According to the NVIDIA roadmap, Hopper GPU will be released in 2022, which means it will arrive at least two years after Ampere. NVIDIA is expected to reveal the GPU during their next GTC event in Q2 2022. According to recent sources, NVIDIA is about to roll out its first Hopper GPUs. The chips are said to be built on TSMC’s 5nm process node, but there’s still a lot we don’t know about the architecture, unlike Intel and AMD, whose design techniques have been revealed through official documents and driver leaks. The reason that this isn’t happening on NVIDIA’s end is that the GPU hasn’t even been released yet.
Jensen Broune followed up on another cryptic tweet from Kopite7kimi a few months back when it came to what Hopper will give (a very reliable leaker). The core configuration of the Hopper GPU is thought to be the tweet, which was a series of integers. The Hopper GPU could be made up of two GPMs (Graphics Processing Modules), each with eight GPCs (four times two), totaling 144 SM units.

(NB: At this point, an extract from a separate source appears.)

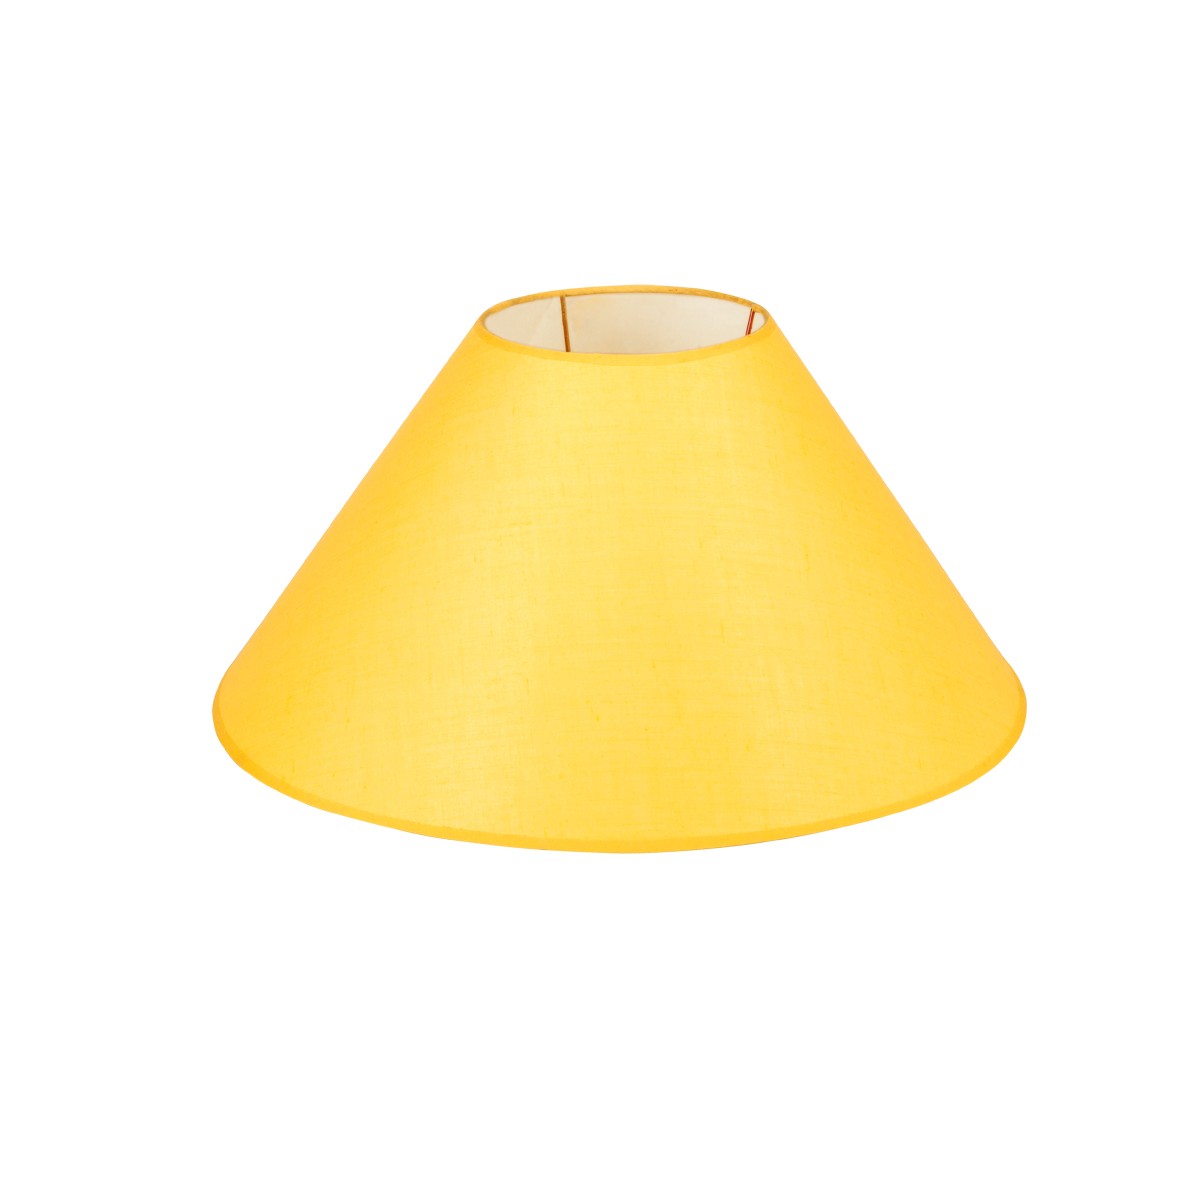 Καπέλο Μονόχρωμο Στρογγυλό Φ45cm Κάτω Πλευρά -Σε Κίτρινο Χρώμα        VK/E27/E14/D45/Y
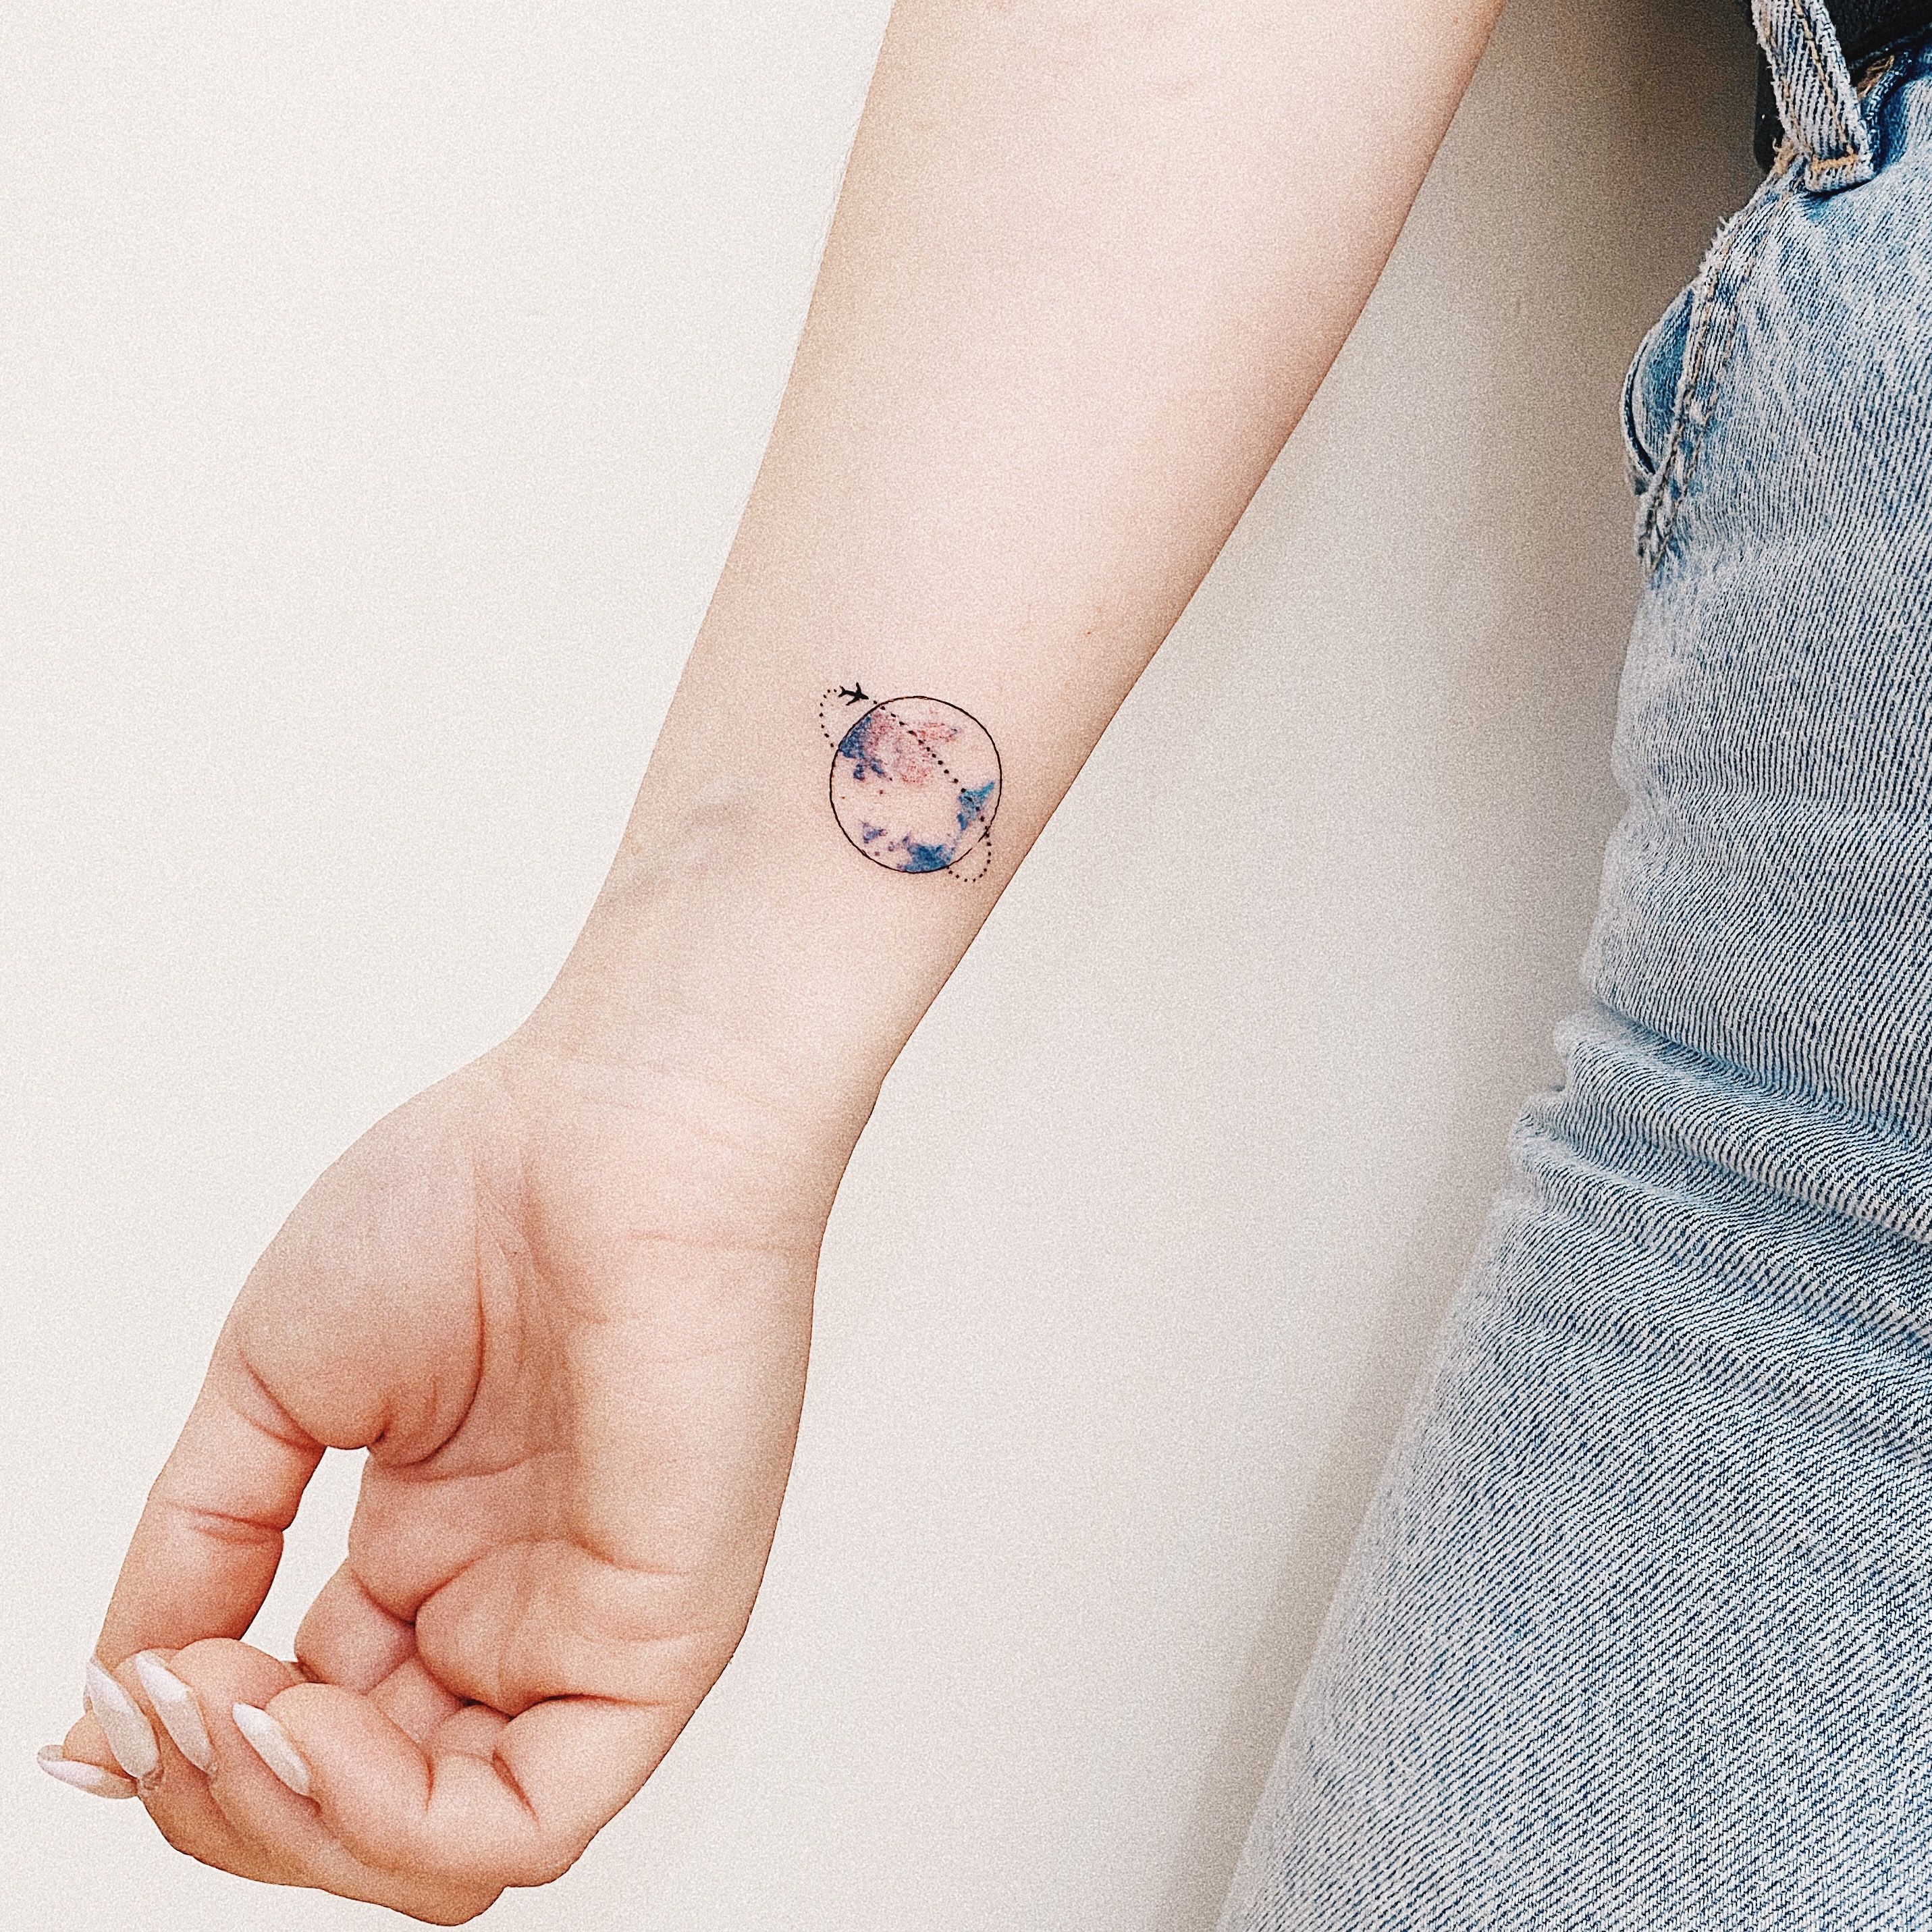 26 Best Planet Tattoo ideas | planet tattoos, tattoos, earth tattoo

Hopper is expected to feature two of these modules, bringing the total number of SM units to 288. We can’t give an exact amount of cores because we don’t know how many are in each SM, but if it sticks to 64 cores per SM, we’ll have 18,432 cores, which is 2.25x more than the whole GA100 GPU arrangement. NVIDIA may also use more FP64, FP16, and Tensor cores in its Hopper GPU to further improve performance. And that will be required to compete with Intel’s Ponte Vecchio, which is likely to include 1:1 FP64.
The GPU will also face off against AMD’s new Instinct MI200 series accelerators, which were just released. In addition, a recent research study may have revealed preliminary facts about the Hopper GH100 GPU.